CVS employs over 30,000 pharmacists, nurse practitioners, and physician assistants (more than Walgreens' number of 17,000) who are responsible for interfacing with patients, advising customers and providing them more personalized attention as compared to other retail pharmacy chains.
CVS has about 1,135 in-store MinuteClinics across 28 states, making it easy to get treatment for common ailments, receiving vaccinations or obtaining health screenings. More than 70% of CVS stores are either open round-the-clock or offer extended hours, and over 60% have drive-thru windows, offering greater convenience to customers.
CVS's business strategy centers on providing innovative pharmaceutical solutions and quality client service in order to enhance clinical outcomes for its clients’ health benefit plan members, while assisting its clients and their plan members in better managing overall health care costs. In addition, as a fully integrated pharmacy services company, CVS Health is able to offer its clients and their plan members a variety of programs and plan designs that benefit from its integrated information systems and the ability of its more than 34,000 pharmacists, nurse practitioners and physician assistants to interact personally with the plan members.

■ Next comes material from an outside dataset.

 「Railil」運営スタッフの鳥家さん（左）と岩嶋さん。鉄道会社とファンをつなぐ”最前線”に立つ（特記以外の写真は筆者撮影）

CVS Health's clients are primarily sponsors of health benefit plans (employers, insurance companies, unions, government employee groups and MCOs) and individuals located throughout the U.S.

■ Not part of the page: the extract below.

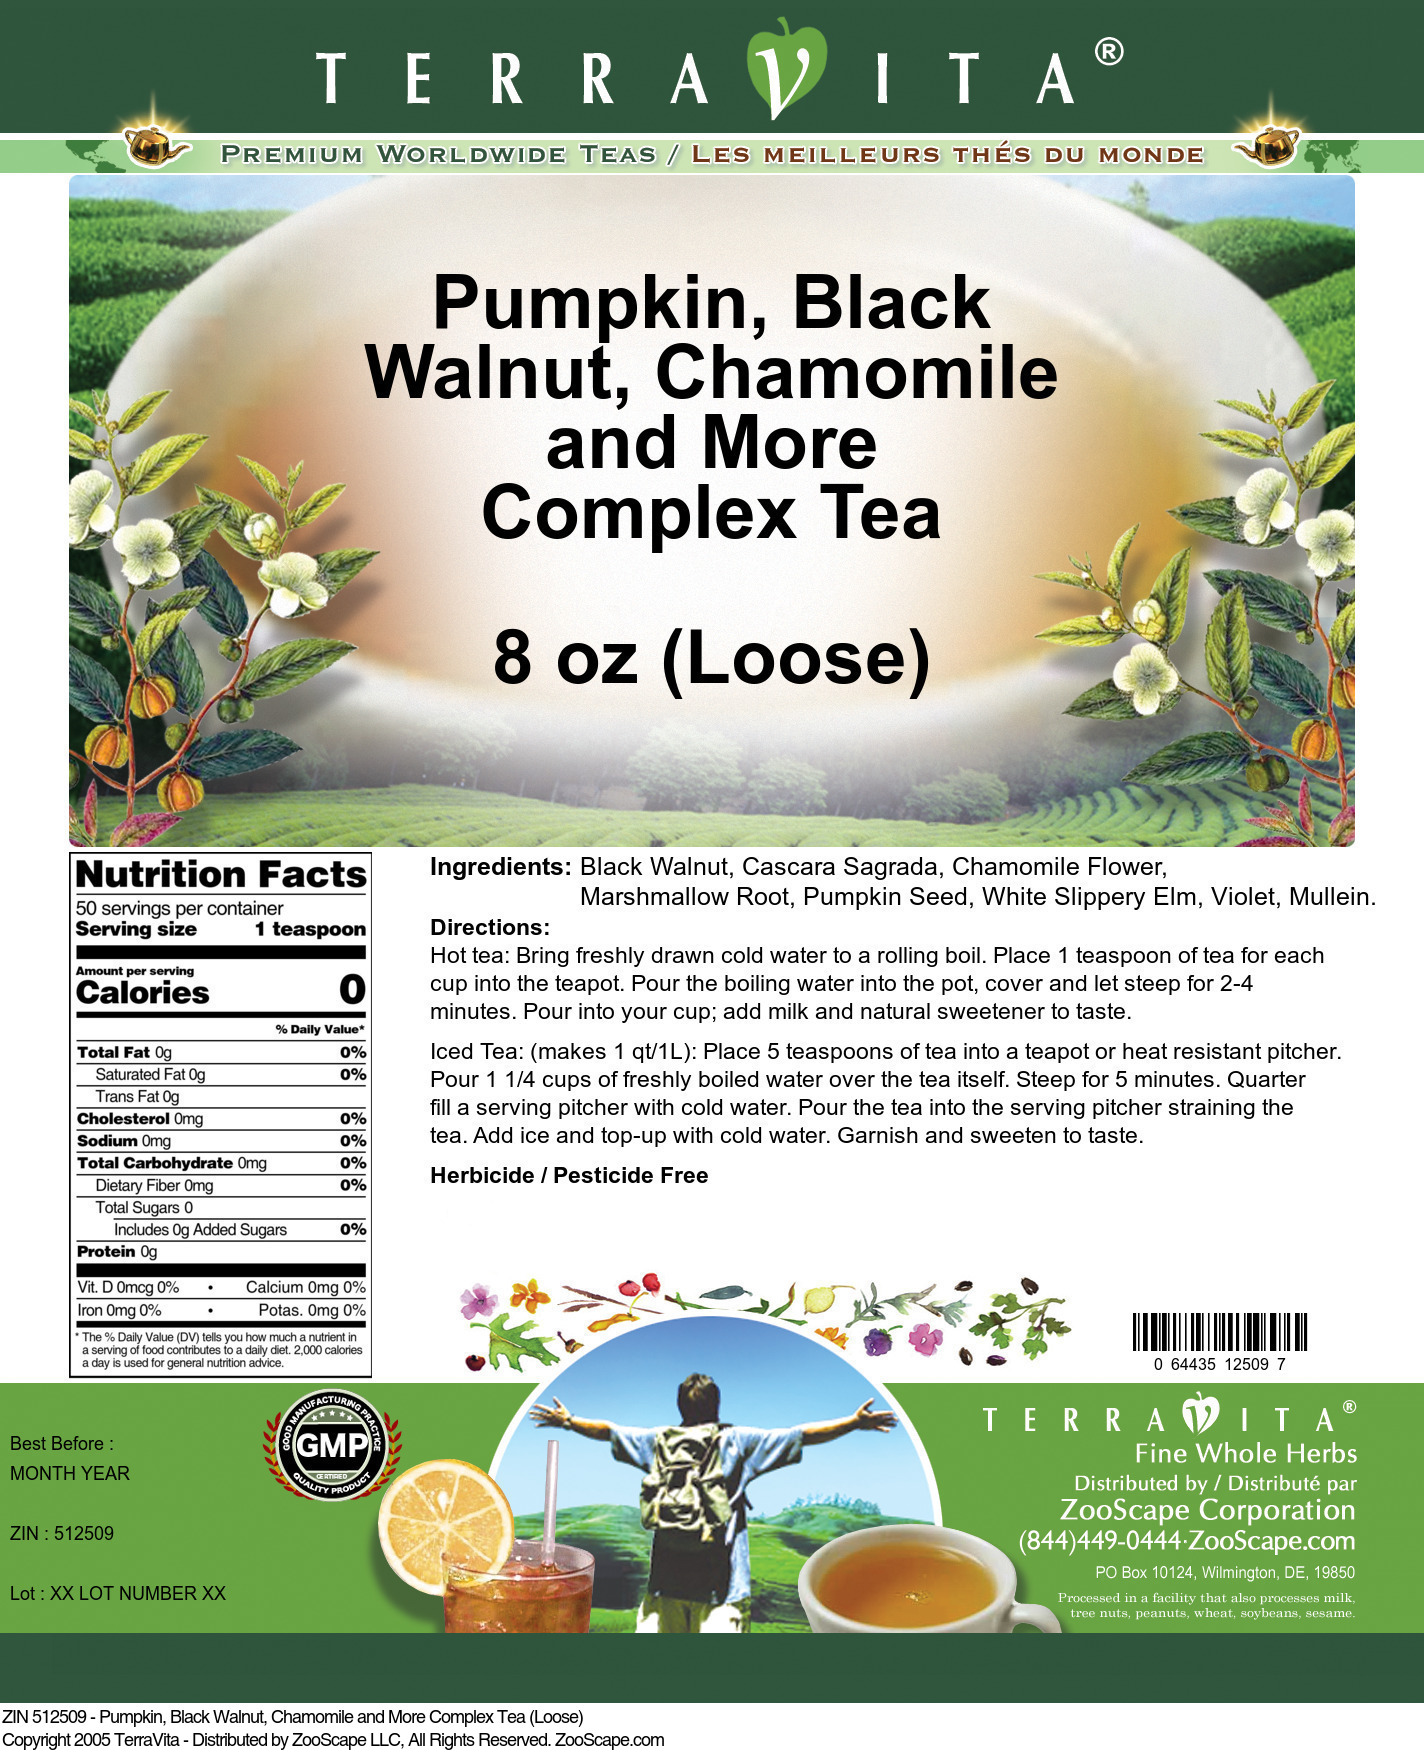 Pumpkin, Black Walnut, Chamomile and More Complex Tea (Loose) - Label

An aging population combined with the fact that older people contribute to a larger proportion of expenditures on drugs will lead to an increase in the prescription drugs market size.

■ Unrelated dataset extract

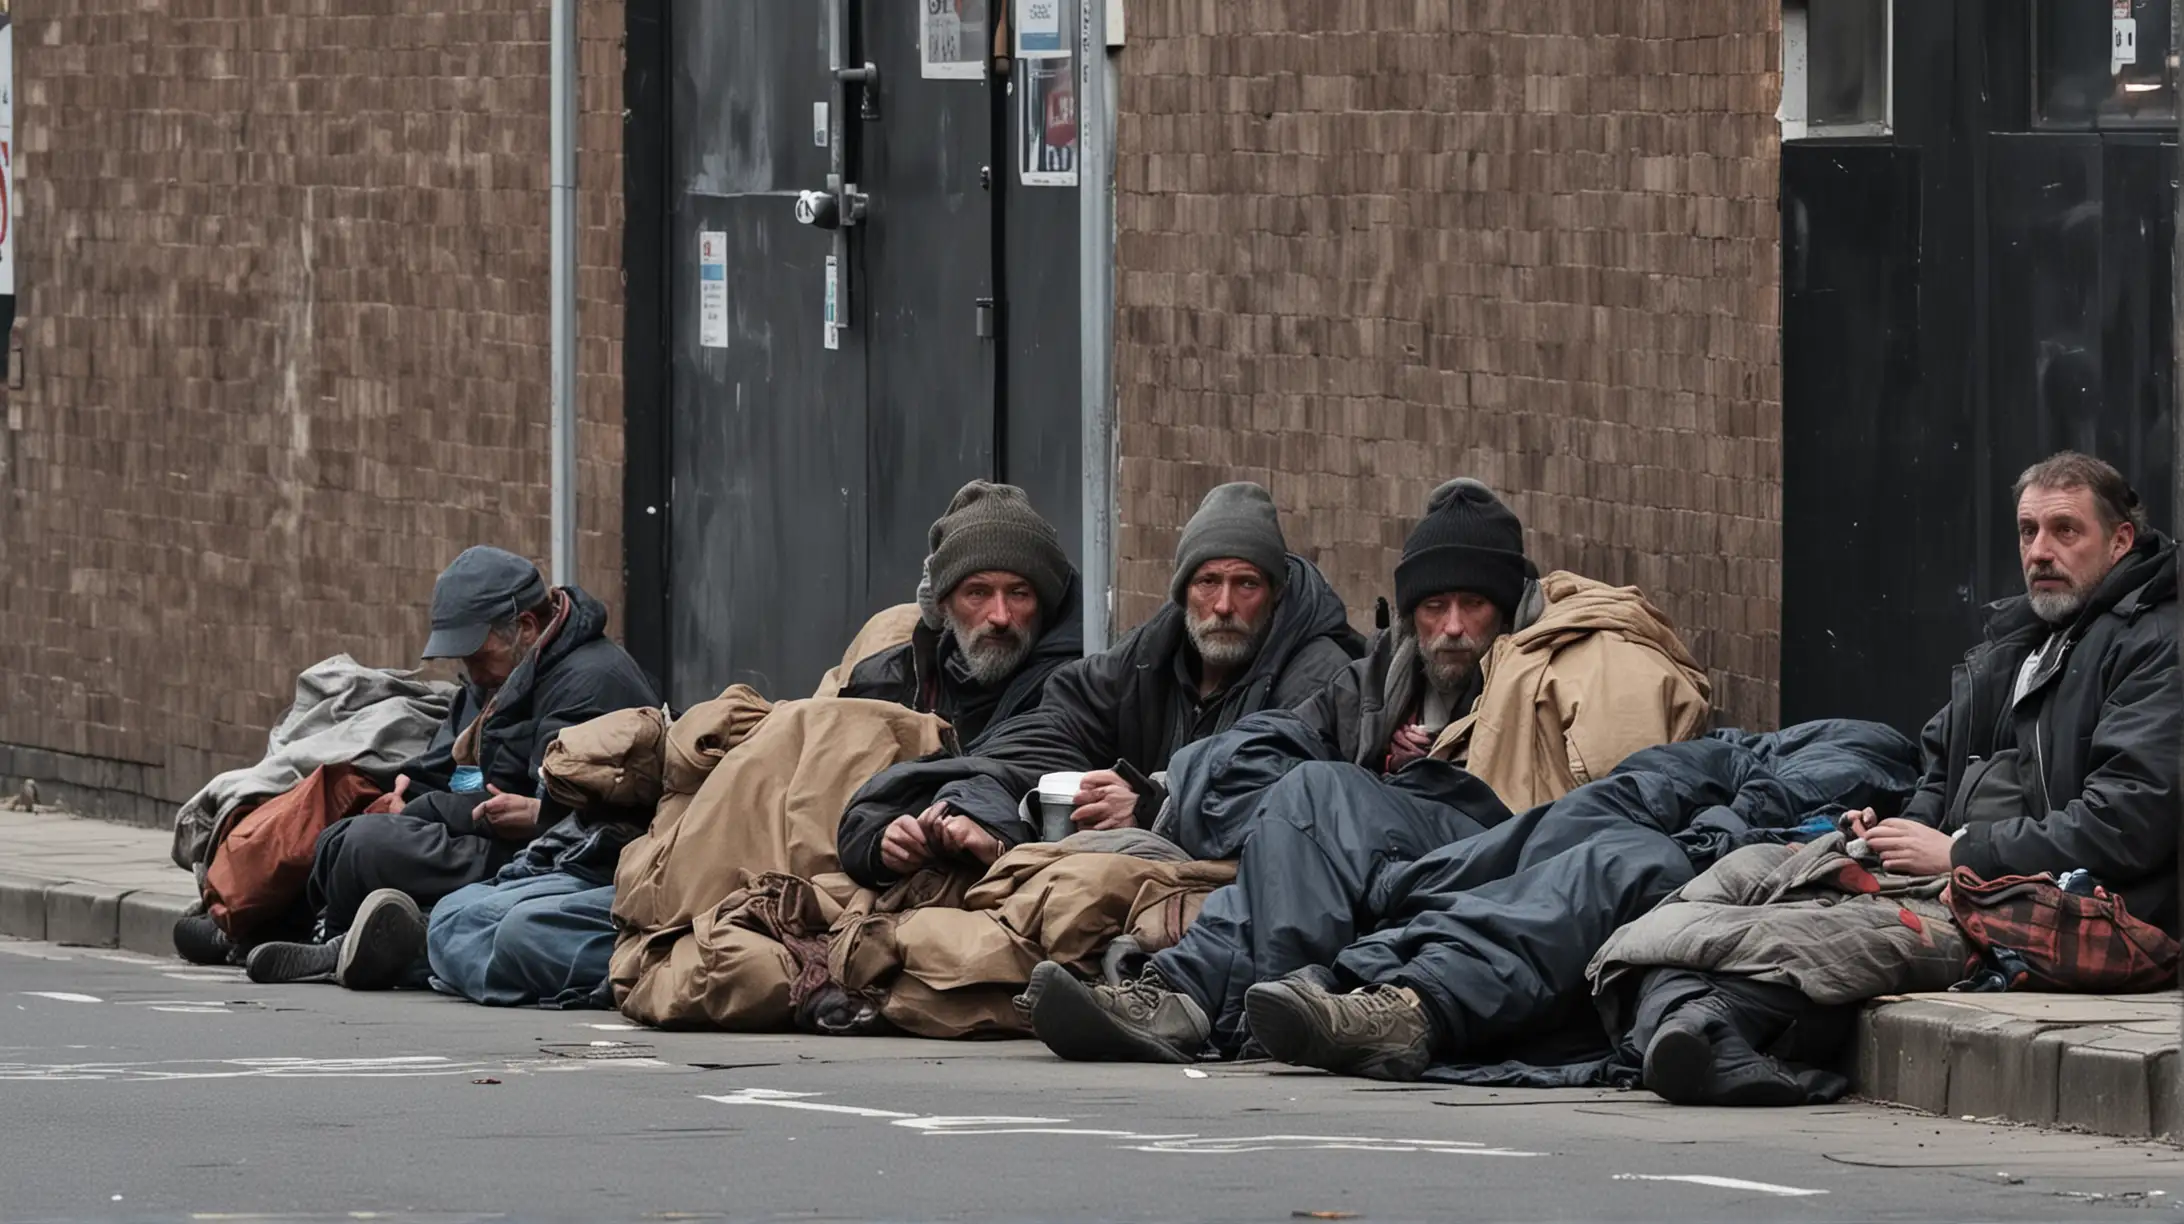 group of homeless people on UK street

Looking at demographics, the number of people in the United States who are 65 or older was roughly 54 million in 2019 and the figure is expected to grow to 81 million in 2040. This age group fills an average of more than 25 prescriptions per person annually – 30% more than people between the ages of 55 and 64. That will increase utilization dramatically for years to come and will help drive the growth of both our PBM and retail businesses.
Generic drugs offer approximately a significantly higher gross margins compared to branded drugs. The total generic dispensing rate, which factors the percentage of generic drugs in a consumer’s prescription, grew to around 87% in 2022, compared to 81% ten years ago. Generic drugs continue to replace branded drugs, albeit at a slower pace. With the expansion of generic drug sales in the U.S. (even if the pace is expected to slow down), each script will bring an incremental profits, allowing room for growth in EBIT margins.
Private labels have grown increasingly popular among US consumers as they offer the same quality as established brands and are priced lower. This offers customers value while providing CVS with significantly higher margins.